The app sidebar provides an explanation of how to use the app to solve your wordle puzzle.
This implementation uses a higher variance approach to solving the puzzle because I wanted to optimize the probability of 2 and 3 step solves. For reference, this implementation has an observed 2 step solve rate of 5% and a mean solve rate of 3.44 and the theoretically optimal information theory based approach has a two step solve rate of 3.45%, and a mean solve rate of 3.42. This approach has a slightly higher expected value, but is more likely to solve the puzzle quickly.
Generally, this solution focuses on achieving the optimal number of 'greens' -- correct letter in the correct place -- as it finds probabilities for each word in each column seperately.
The algorithm initializes by loading a list of all possible wordle solutions.
A word's score is calculated as a product of probabilities -- akin to a likelihood. Each letter's probability in a column is computed as the number of remaining words that have that letter in that position, divided by the total number of remaining words. Each word's overall score is then determined as the product of these probabilities. This is the theoretical probability of the solution being that word in an independent, unbounded solution space (all combinations of letters are valid possibilities, and each column's outcome is indepedent). However, because the actual probabilities used are derived from the limited solution space only (valid words), this should correspond to the most "likely" solution in the limited space as well. The word that is recommended by the algorithm is one with the highest likelihood score.
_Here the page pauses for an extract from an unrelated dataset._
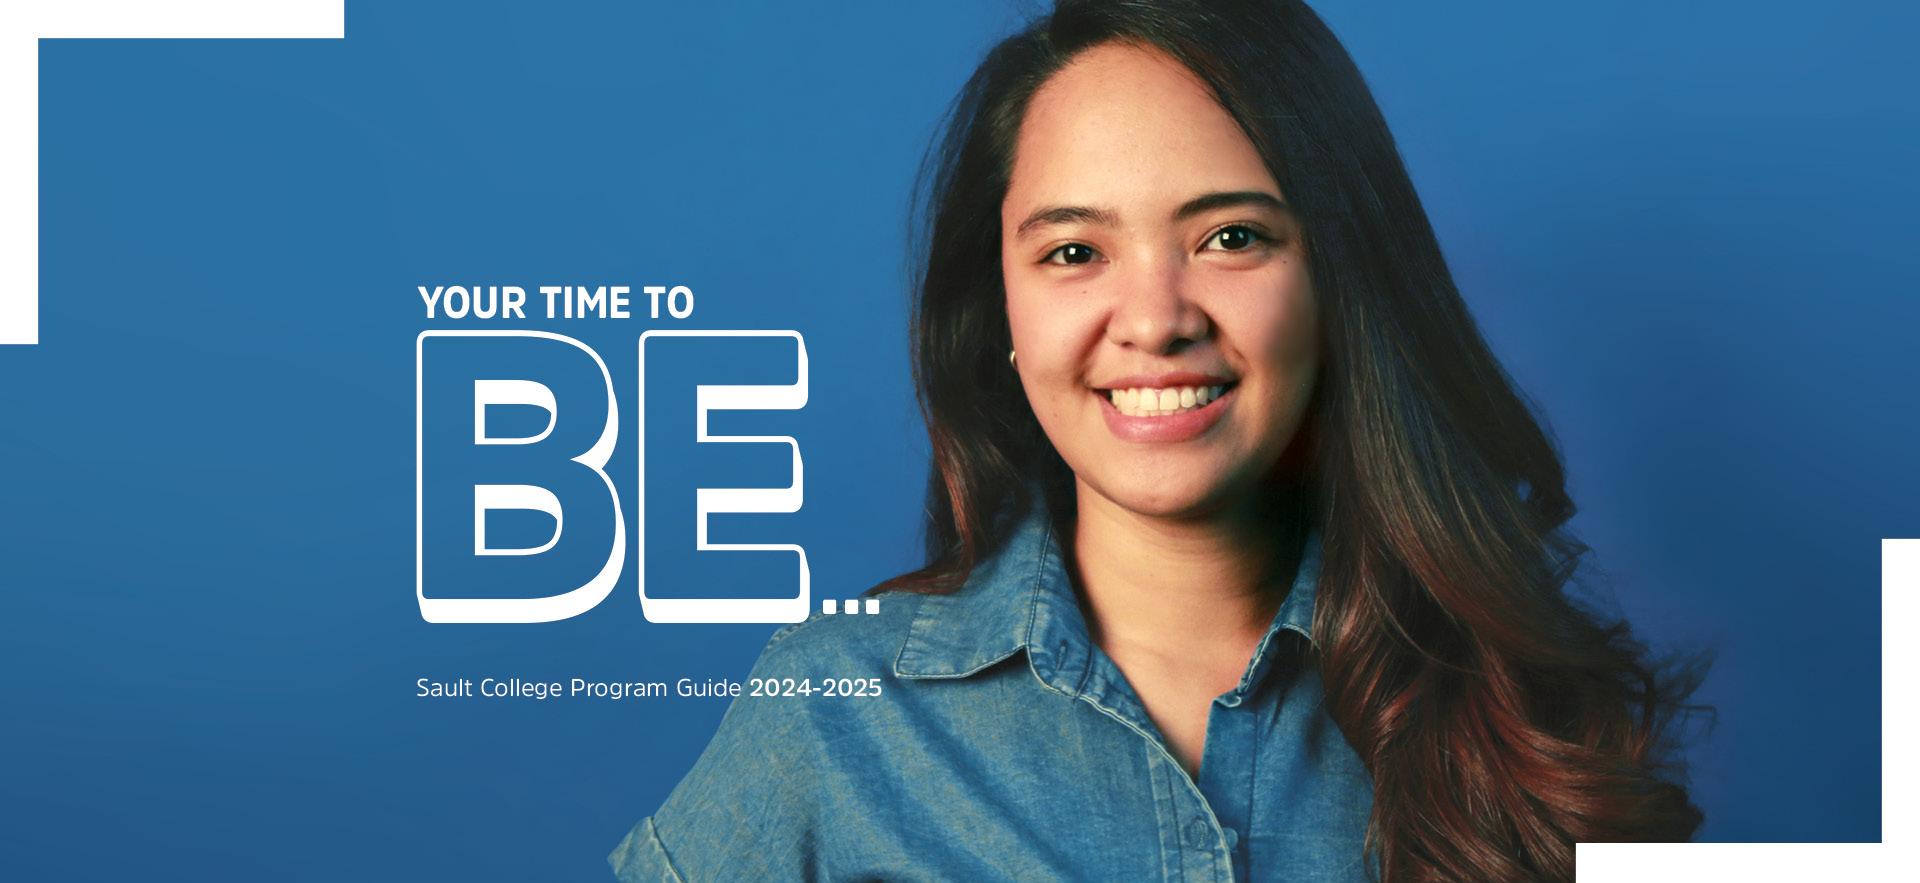 Female student in blue shirt smiling with blue background and text overlay "your time to BE..." for ˾ Program Guide for 2024-25
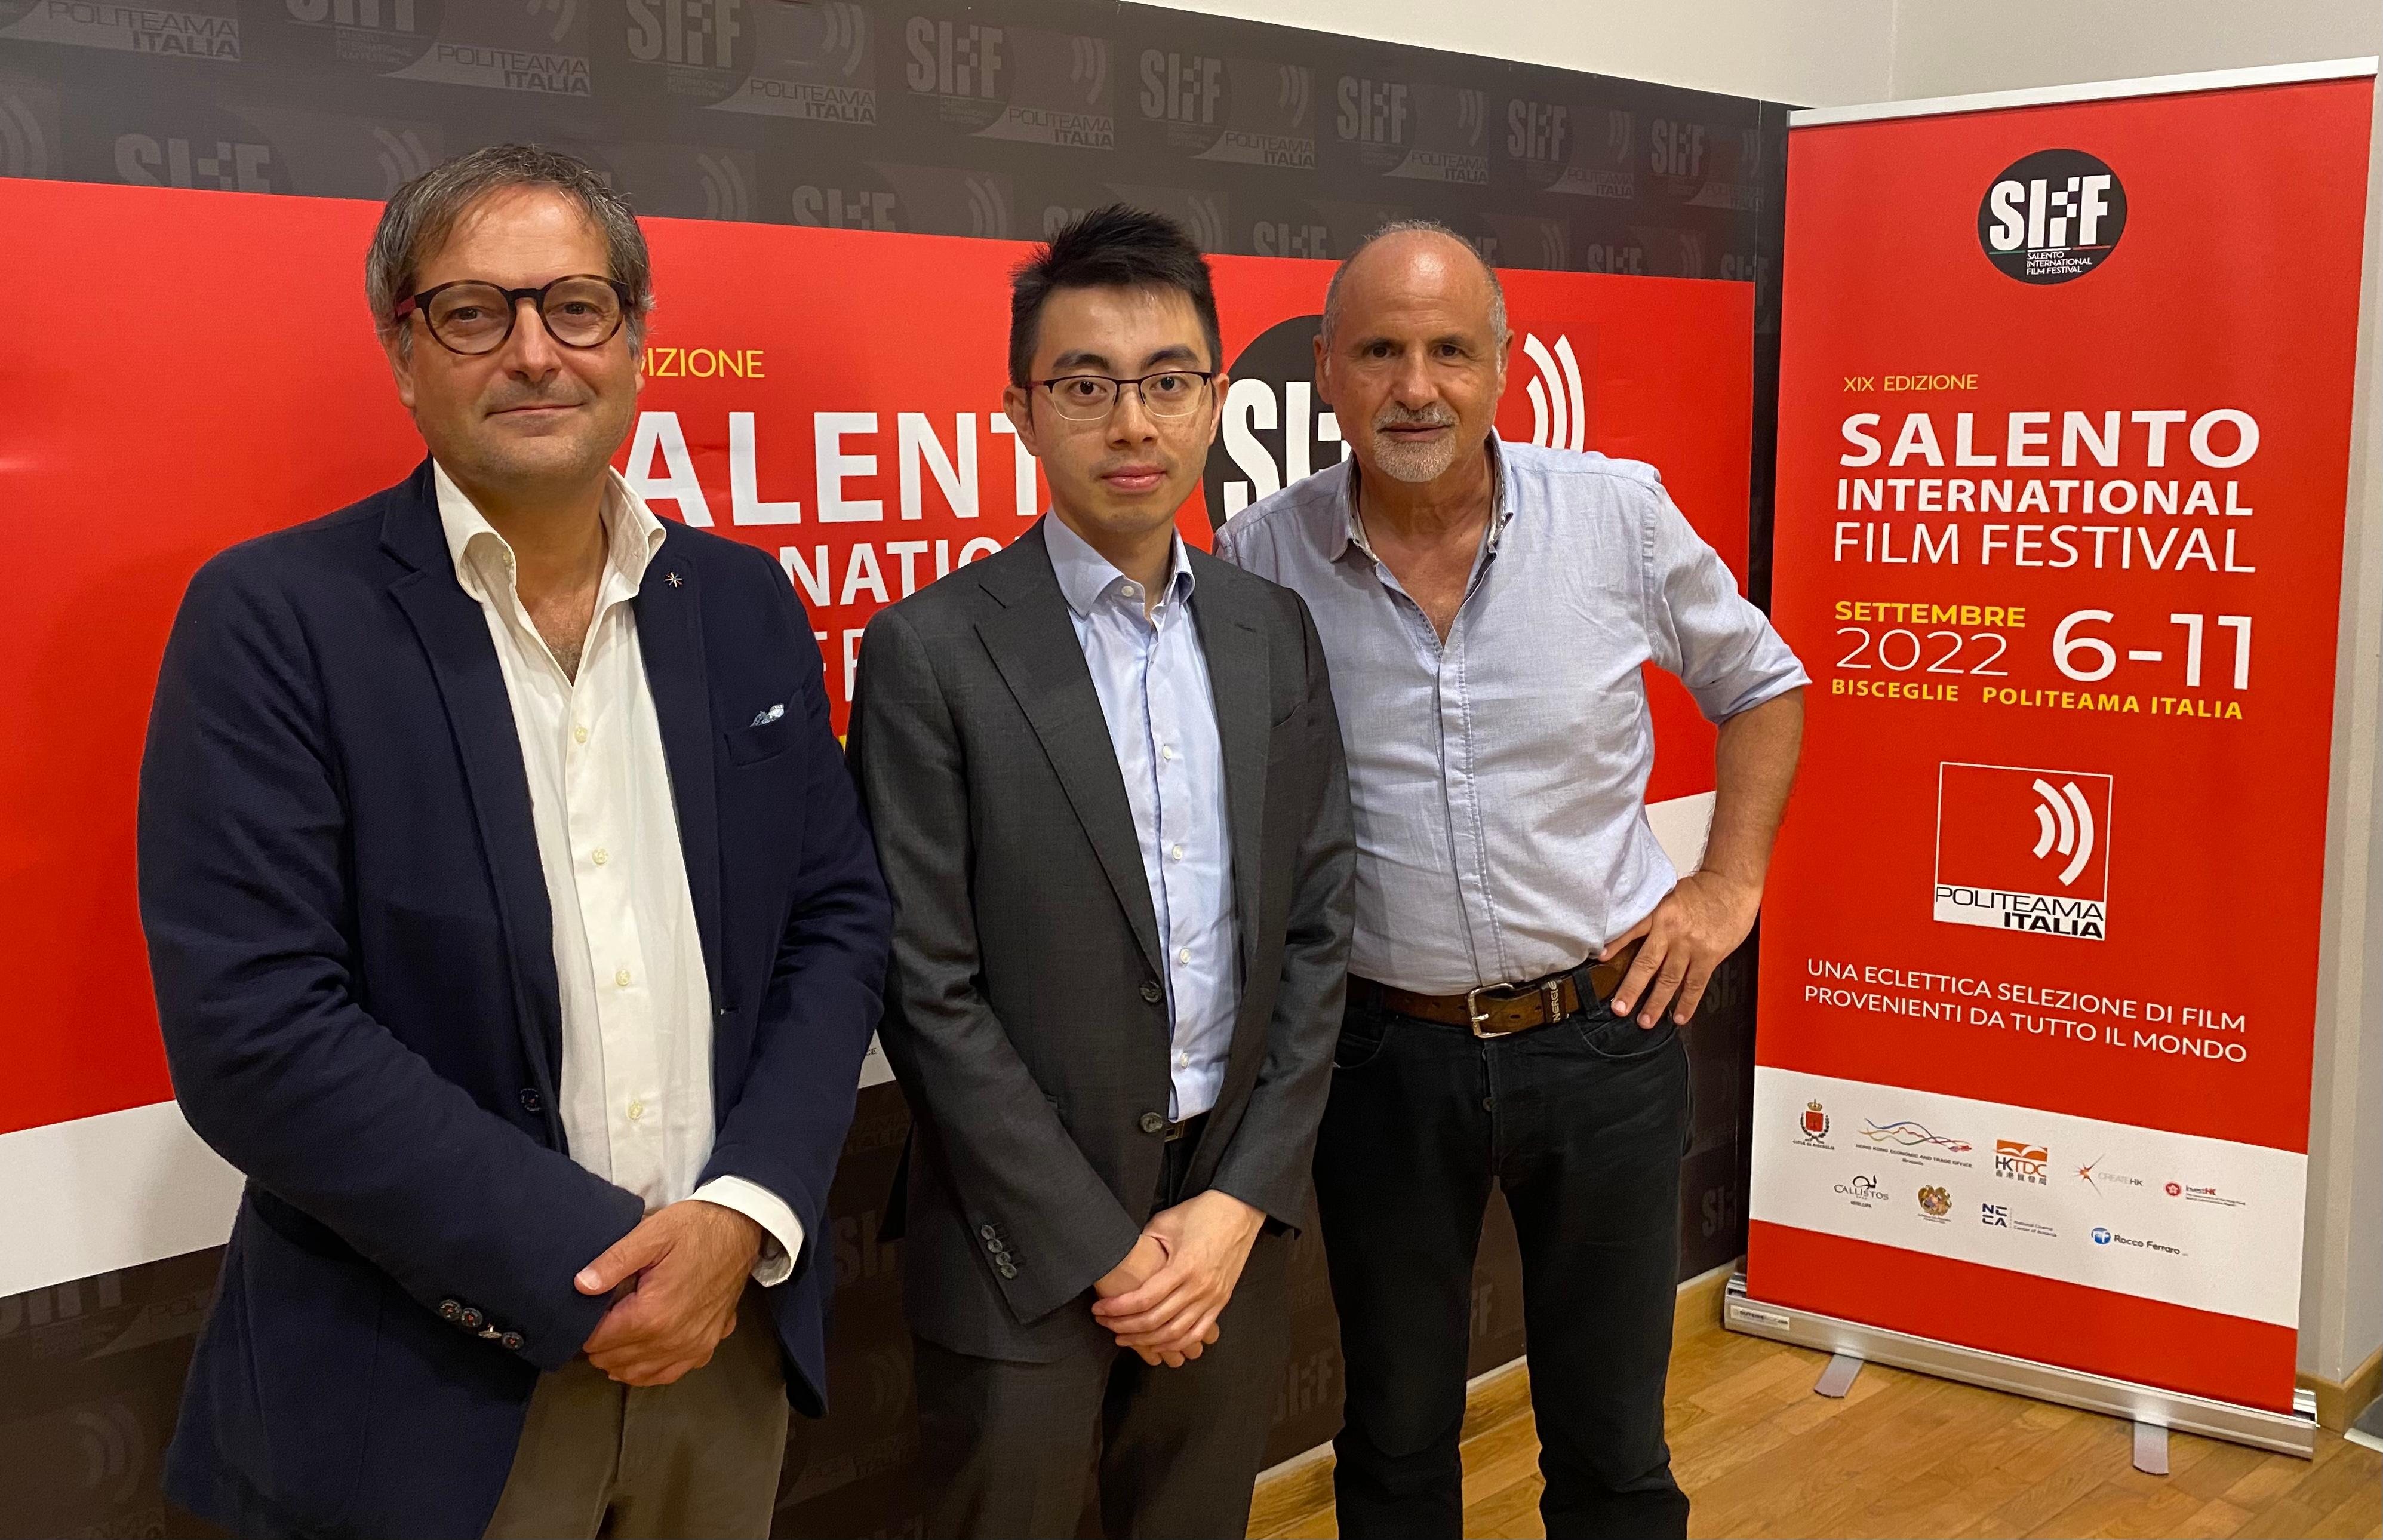 The Hong Kong Economic and Trade Office in Brussels (HKETO, Brussels) supported the participation of Hong Kong films at the Salento International Film Festival (SIFF), being held from September 6 to 11 (Bisceglie time) in Bisceglie, in the Apulia region of southern Italy. Photo shows the Deputy Representative of the HKETO, Brussels, Mr Henry Tsoi (centre) joining a photo call at the 19th SIFF on September 8, 2022 (Bisceglie time) in Bisceglie, Italy, with the Founder of SIFF, Mr Gigi Campanile (right) and Mayor of Bisceglie, Mr Angelantonio Angarano (left).

As discussed above, it is possible to take an information theory approach that treats the columns as non independent -- focusing on guessing letters that provide information on the puzzle as a whole, rather than just that column. This is also somewhat accomplished by this algorithm, as it is reasonable to say that a letter being common in a given column means it is likely common in other columns as well, meaning it has a provides a high probability of being yellow, or else yields more information when it is found to be grey. However, this puzzle does not necessarily provide the optimal solution under this approach, though the empirical difference is extremely minor.
Letters with duplicate letters are handled in a way that respects this information based approach. Because recommending words with duplicate letters is likely under the independent column approach (i.e. 'e' is probability high probability in many columns), but does not yield as much information when guessed multiple times, letters with repeat letters are penalized and are generally only recommended when solutions with all unique letters are exhausted.